Tapi ini bukan penjara biasa. Tanpa jeruji. Semuanya dari metal. Ia tidak dapat melihat selain ruangan ini. Satu tempat tidur dengan selimut tipis juga kamar mandi.
Tidak ada jeruji. Semuanya tertutup. Udara dialirkan melalui lubang dengan bahan yang sama.
Tidak masalah. Rangga akan segera menghancurkan tempat ini dengan mudah. Namun sekarang dia harus mengumpulkan tenaga dulu sehabis bangun tidur.
Ia memandangi sekelilingnya lagi. Mendadak pintu bawah ruangannya terbuka dan sepiring makanan muncul.

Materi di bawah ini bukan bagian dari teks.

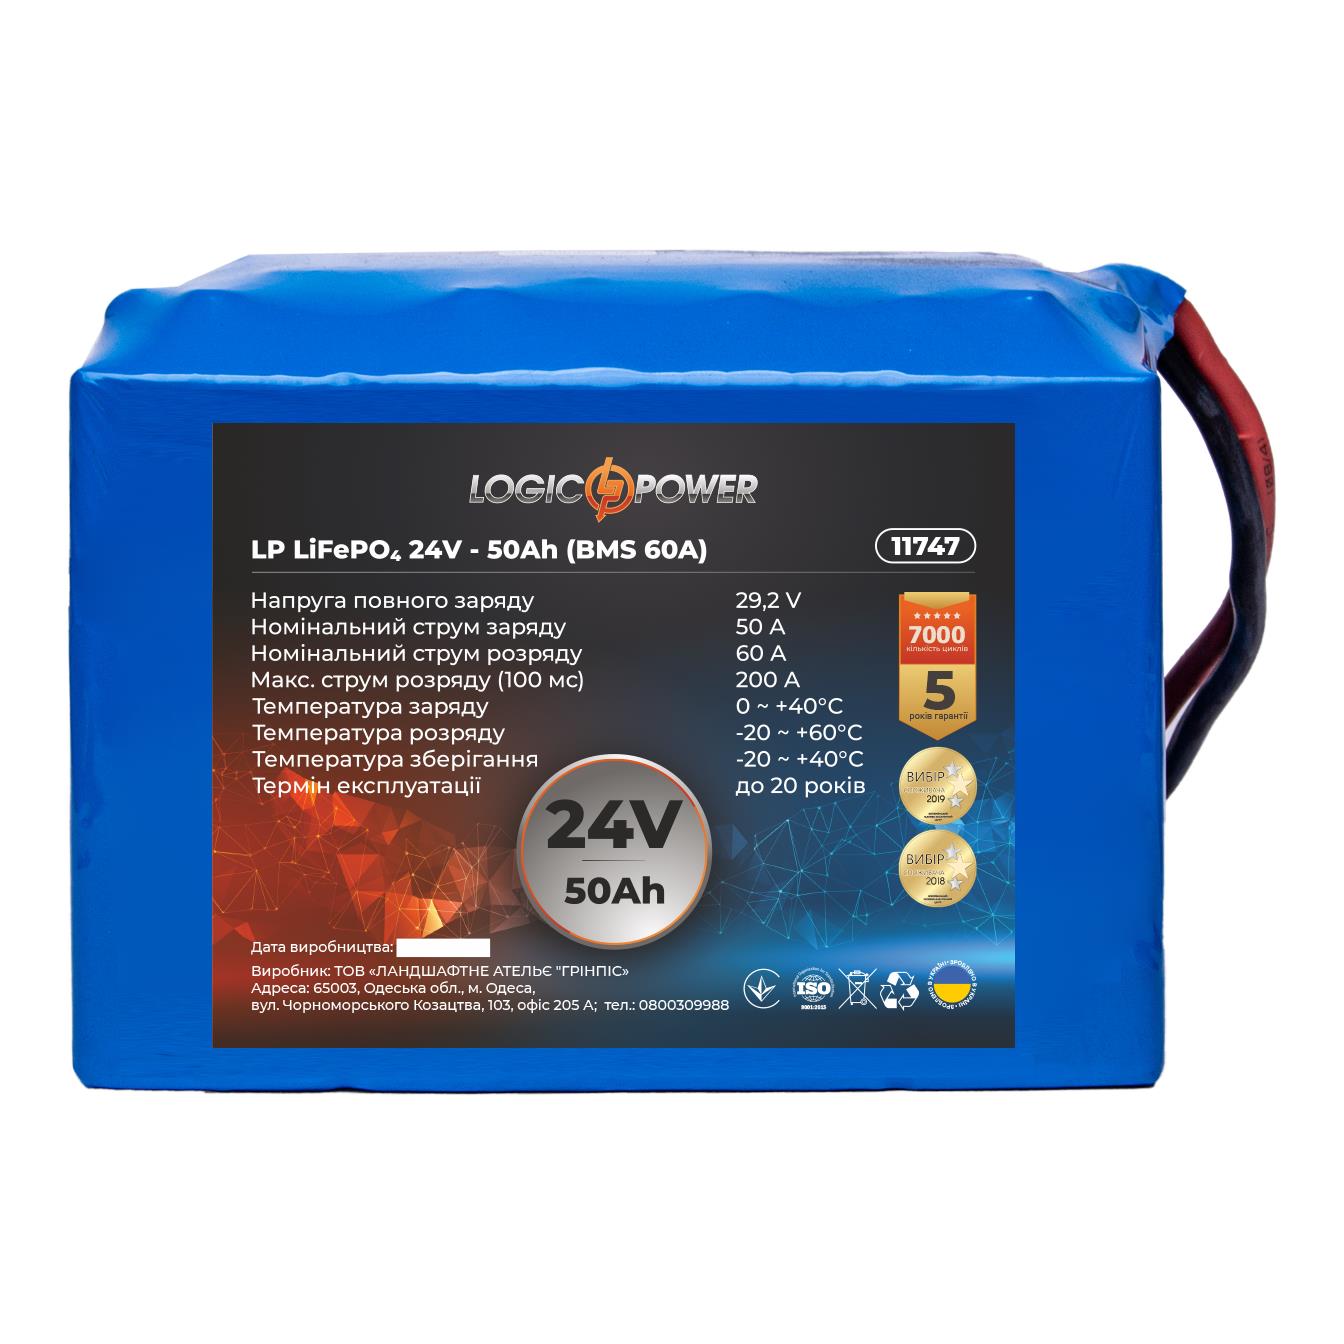 Аккумулятор литий-железо-фосфатный LogicPower LP LiFePO4 24V - 50 Ah (BMS 60A) (11747) в интернет-магазине, главное фото

"Hei!" tahan Rangga. Namun pintu itu sudah ditutup kembali.
Ia tawanan sekarang. Benar-benar memuakkan. Dikurung dan sendirian. Penjara eksklusif, penjara khusus.
Ini berbeda dengan penjara biasa yang biasanya diisi beberapa orang dan masih menggunakan tembok dan jeruji.
Tentu Cleopatra sudah merencanakannya. Ia punya uang yang melimpah dan dapat membangun apa yang dia mau. Pintar, dia membuat penjara khusus.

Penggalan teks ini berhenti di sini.